1. npm run build runs:
   ├── scripts/generate-snippets.mjs
   │   └── Reads code-snippets/ files → generates src/data/snippets.ts
   ├── tsc
   │   └── TypeScript type-checking (fails build on type errors)
   ├── vite build
   │   └── Bundles React app → dist/
   ├── vite build --ssr
   │   └── Builds SSR bundle → dist-server/
   └── scripts/prerender.mjs
       └── Renders all ROUTES to static HTML → dist/**

Configuration Files

  • package.json - Dependencies and npm scripts
  • vite.config.ts - Build configuration (Vite + React plugin)
  • tsconfig.json - TypeScript compiler options (strict mode enabled)
  • tailwind.config.ts - Tailwind CSS configuration
  • eslint.config.js - ESLint flat config with TypeScript and React rules
  • .github/workflows/ci.yml - Main CI/CD pipeline with quality gates
  • .github/workflows/static.yml - GitHub Pages deployment (triggered by CI success)
  • lighthouserc.js - Performance auditing

Performance Features

  • Asset Optimization: CSS/JS minification and bundling
  • Image Optimization: Optimized images with proper formats
  • Lighthouse Scoring: Automated performance monitoring
  • Semantic HTML: Proper accessibility and SEO structure
  • Mobile-First: Responsive design with touch-friendly navigation

Security & Best Practices

  • Content Security: No external dependencies in critical path
  • Modern JavaScript: ES2022+ features with fallbacks
  • Progressive Enhancement: Core functionality works without JavaScript
  • Accessibility: WCAG 2.1 compliant markup and navigation
  • SEO Optimization: Structured data, meta tags, semantic HTML

Documentation Standards

Code Examples in Documentation

When to Link vs When to Show Code

Link to actual code when:

  • Referencing complete interface definitions (use See [path/to/file.ts](../path/to/file.ts))
  • Showing real implementation patterns that exist in the codebase
  • Pointing to complex examples that would clutter documentation
  • Referencing configuration files or complete class definitions

Use dummy examples when:

  • Illustrating concepts or patterns generically
  • Showing before/after transformations
  • Demonstrating anti-patterns to avoid
  • Teaching implementation approaches

Interface and Type Definitions

NEVER replicate actual interfaces in documentation. Always link to the source file:

// ❌ WRONG - Replicating actual interface
export interface ILLMDataDTO {
  toLLMData(): Record<string, string>
  // ... other methods
}

// ✅ CORRECT - Link to actual interface
// See [src/core/interfaces/ILLMDataDTO.ts](../src/core/interfaces/ILLMDataDTO.ts) for the complete interface.

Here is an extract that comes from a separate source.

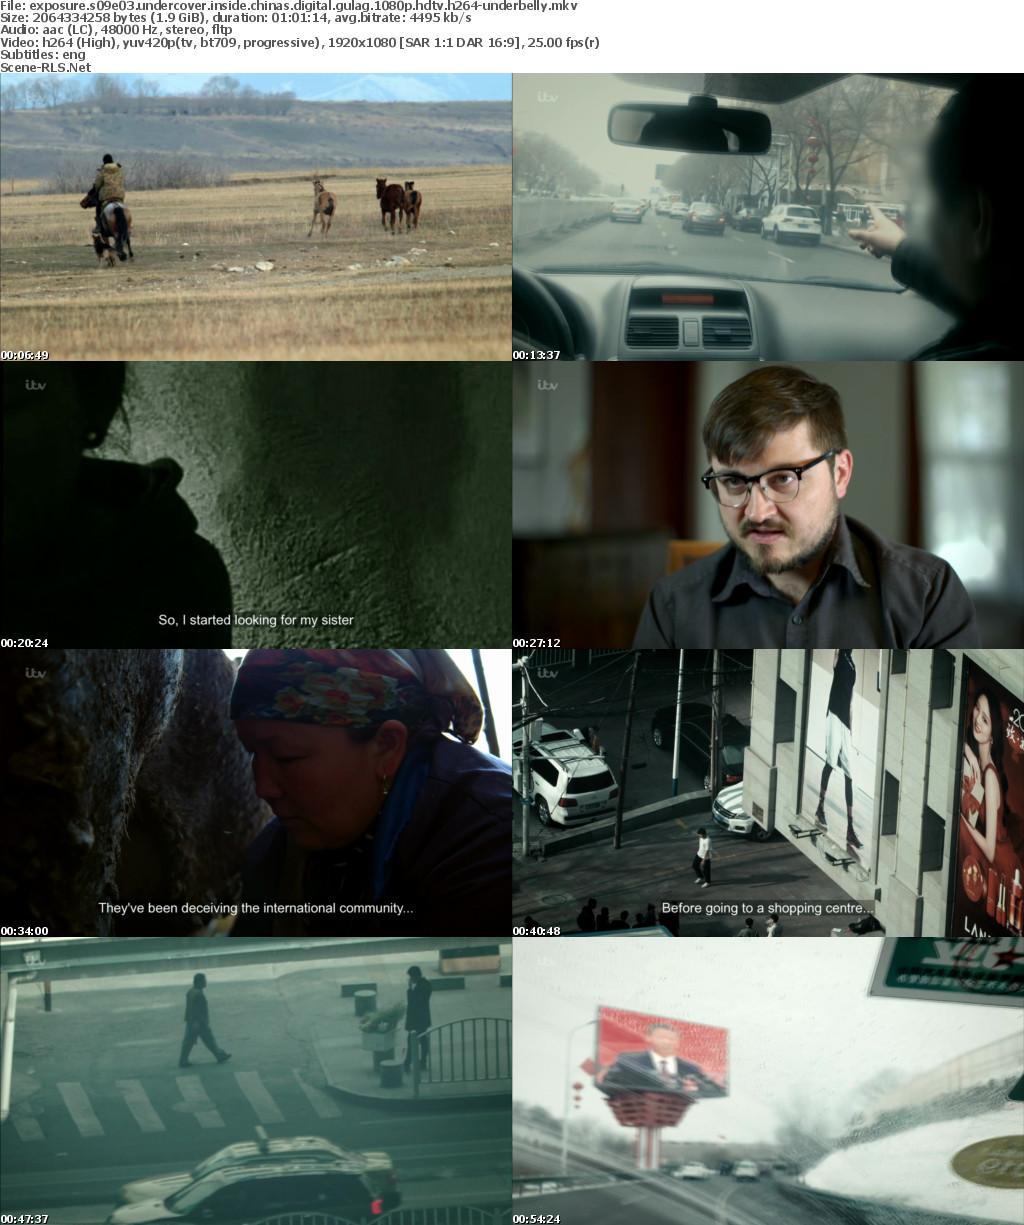 Exposure S09E03 Undercover Inside Chinas Digital Gulag 1080p

Dummy Code Naming Conventions

All dummy examples must use clear naming conventions:

Dummy Services: MyService, ExampleService, SampleDataService Dummy DTOs: MyDataDTO, ExampleDTO, SampleDTO Dummy Interfaces: IMyService, IExampleApi Dummy Types: TMyConfig, TExampleResponse Dummy Variables: exampleData, sampleResponse, mockApiResult Dummy Constants: EXAMPLE_FIELD, SAMPLE_KEY, DUMMY_VALUE

Magic String Prevention

Never use actual production keys/constants in examples:

// ❌ WRONG - Using actual production constants
result.addData('PROJECT_COUNT', '5')  // PROJECT_COUNT might be real

// ✅ CORRECT - Clearly dummy examples
result.addData('EXAMPLE_FIELD', 'sample-value')
result.addData(ExampleKeys.SAMPLE_FIELD, 'dummy-data')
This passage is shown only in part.